La máquina de la memoria se había puesto en marcha. Con o sin hipnosis. Freire tomó de nuevo el cuaderno.
—Te escucho.
—Murió. Hace dos años. Era albañil, como yo. ¿Te he dicho que ese es mi oficio?
—Sí.
—Le quería mucho.
—¿Dónde vivía?
—En Marsac. Un pueblo de la bahía de Arcachon.
—¿Y tu madre?
No respondió de inmediato y volvió la cabeza. Sus ojos parecían buscar la respuesta en el fondo de la luz helada de la ventana.
—Tenía un bar con estanco —dijo por fin—, en la calle principal de Marsac. También murió, el año pasado. Justo después de mi padre.

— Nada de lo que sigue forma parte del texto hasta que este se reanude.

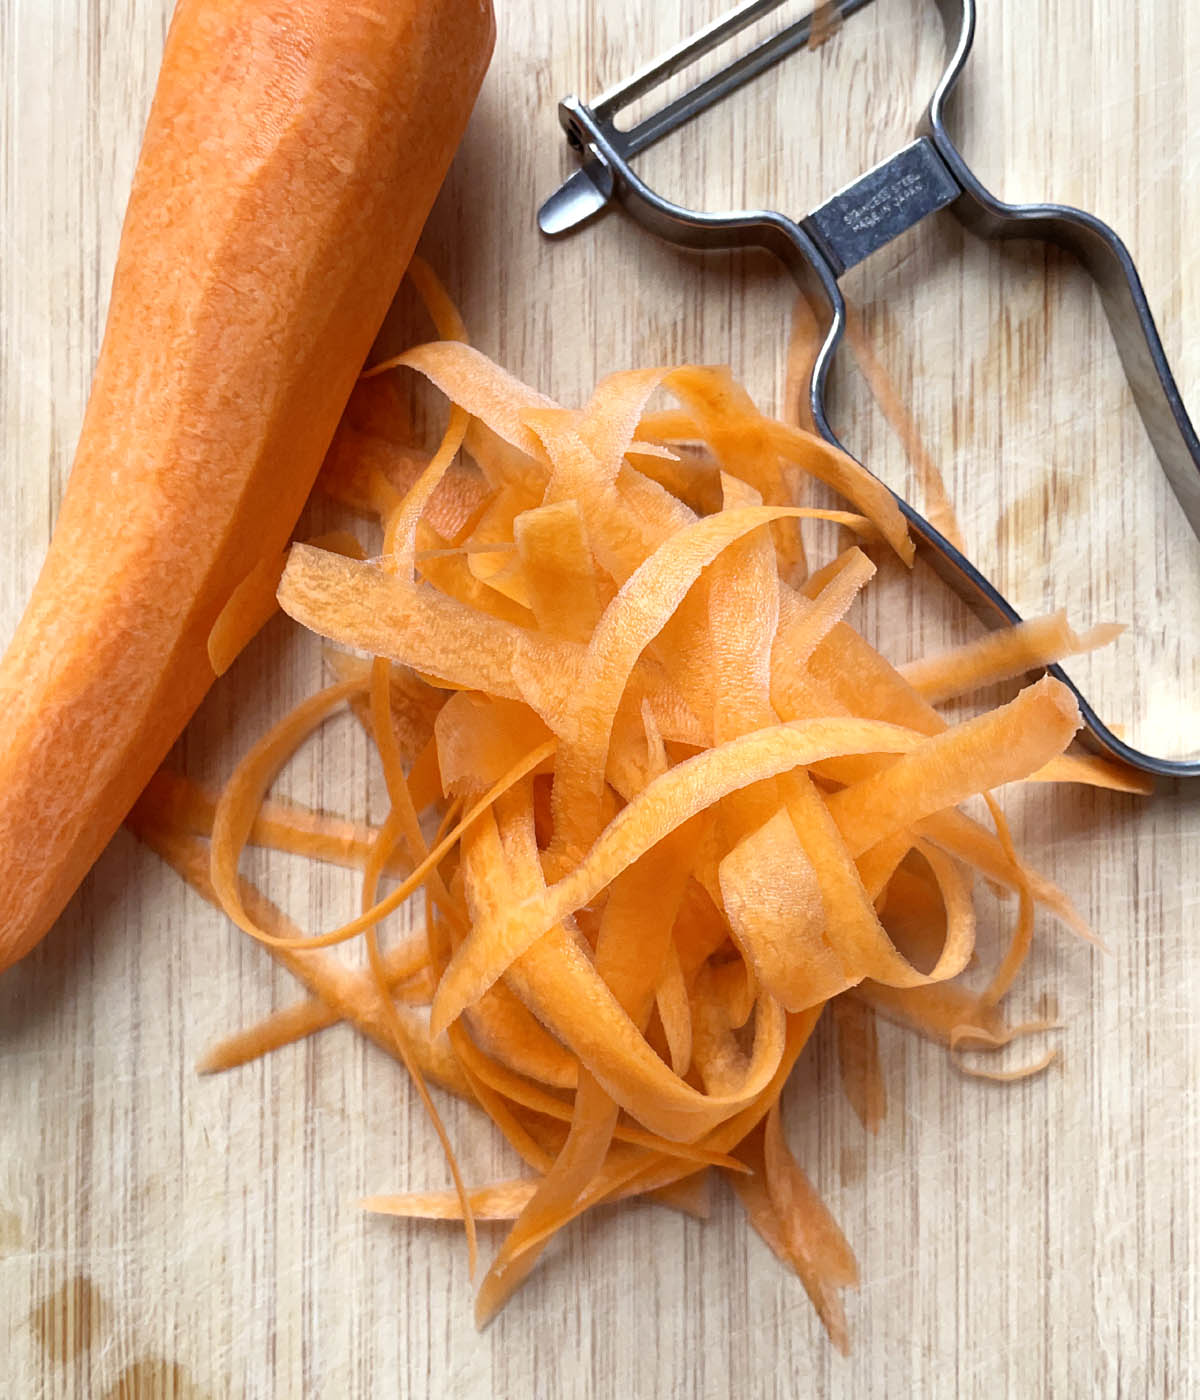 A carrot, a vegetable peeler, and carrot peelings on a wooden cutting board.

—¿Recuerdas en qué circunstancias?
—No.
—¿Tienes hermanos o hermanas?
—No… —Mischell titubeó—. No lo sé…
Freire se puso en pie. Ahora sí había llegado el momento de dar por terminada la entrevista. Llamó a un enfermero y recetó un sedante para Mischell. «Sobre todo, reposo».
Una vez que se quedó solo, consultó el reloj. Eran casi las diez. Su guardia en urgencias empezaba a la una. Tenía tiempo de volver a su casa, pero ¿para qué? Decidió visitar la unidad. Luego regresaría al despacho para comprobar los datos sobre Pascal Mischell.
Al salir al pasillo, comprendió una verdad oculta.
Trataba de vivir allí, en el centro hospitalario especializado Pierre Janet. Seguro. Como sus pacientes.